→ **Data block**

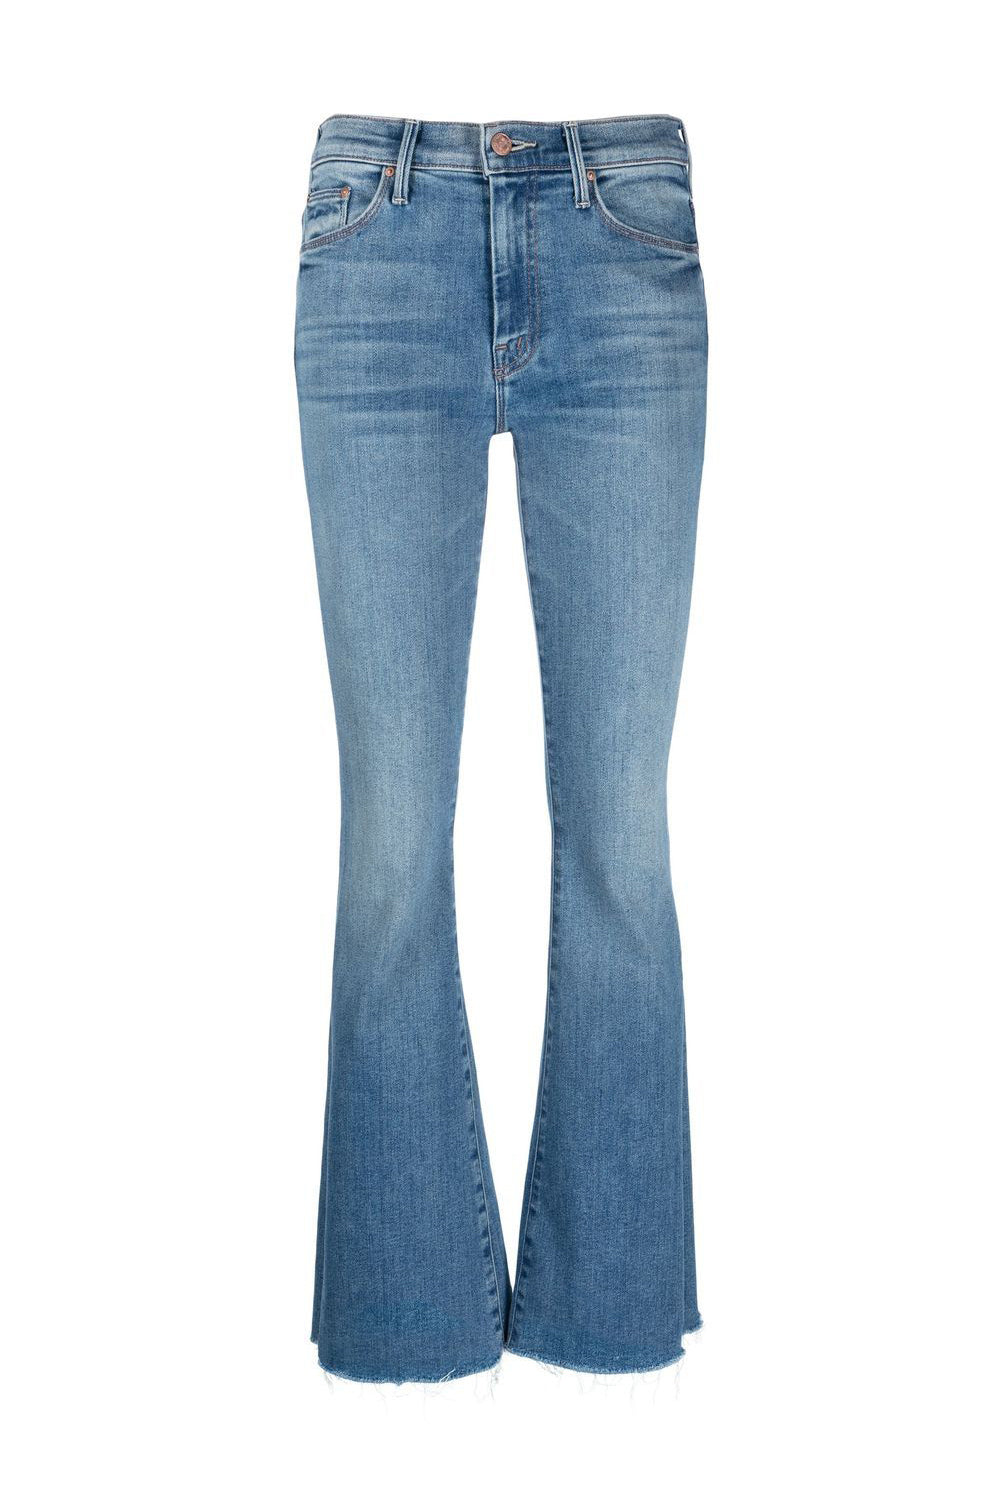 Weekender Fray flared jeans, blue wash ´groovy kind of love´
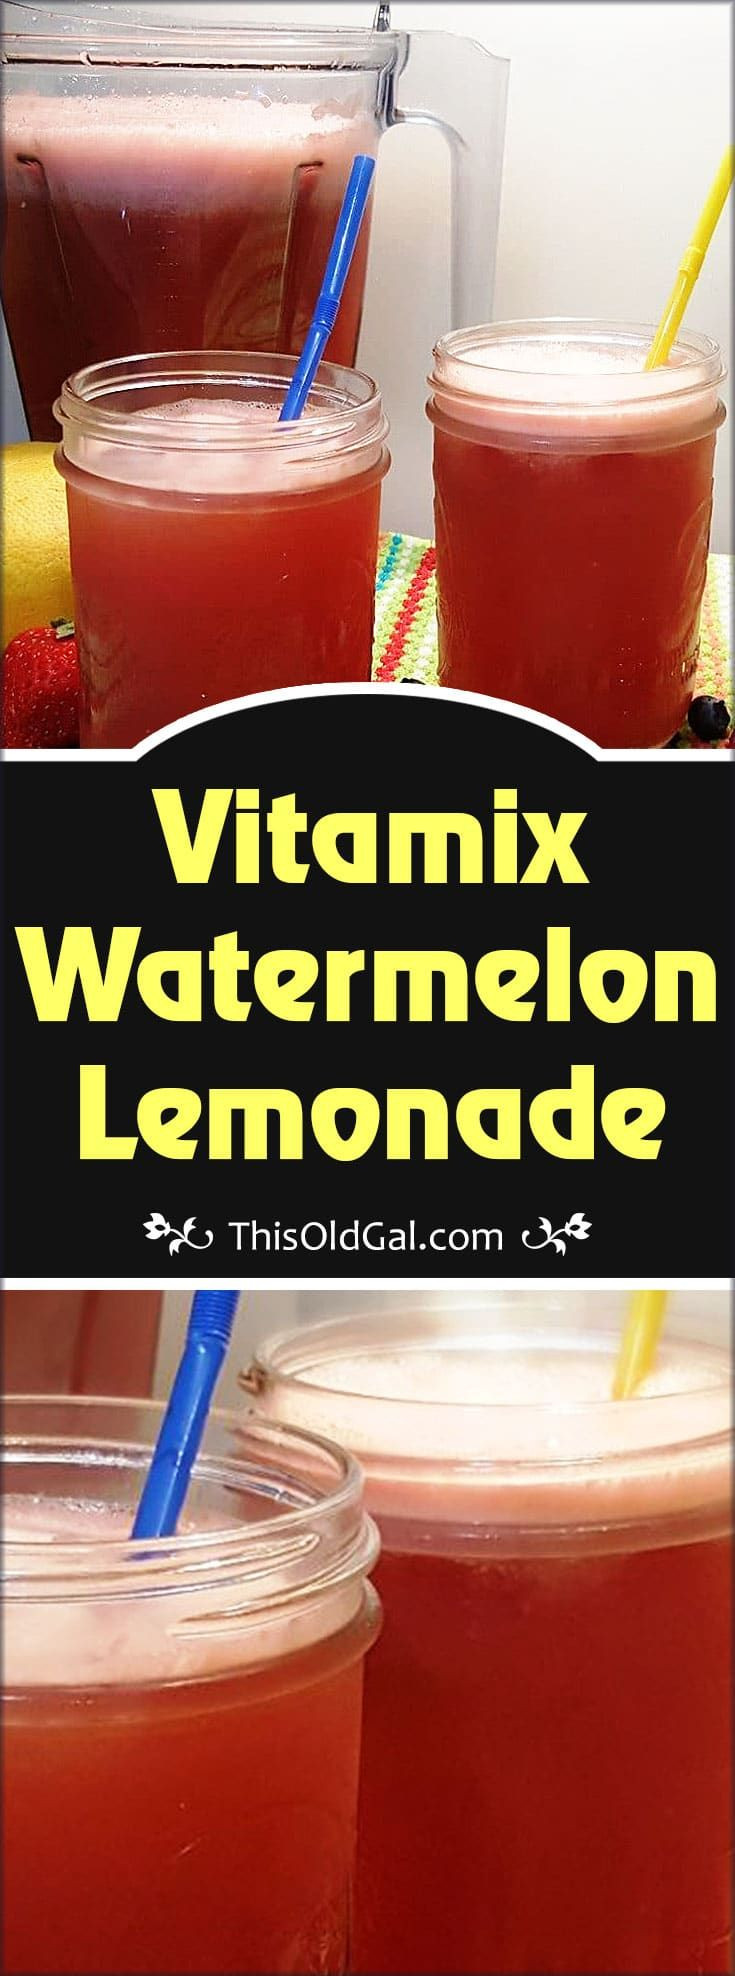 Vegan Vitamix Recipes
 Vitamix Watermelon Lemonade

→ **Work to complete**
Everything from the line containing "Vegan Vitamix Recipes" to the last line of the listing above must be reproduced exactly, with no pictures included.

→ **Task answer**
 Vegan Vitamix Recipes
 Vitamix Watermelon Lemonade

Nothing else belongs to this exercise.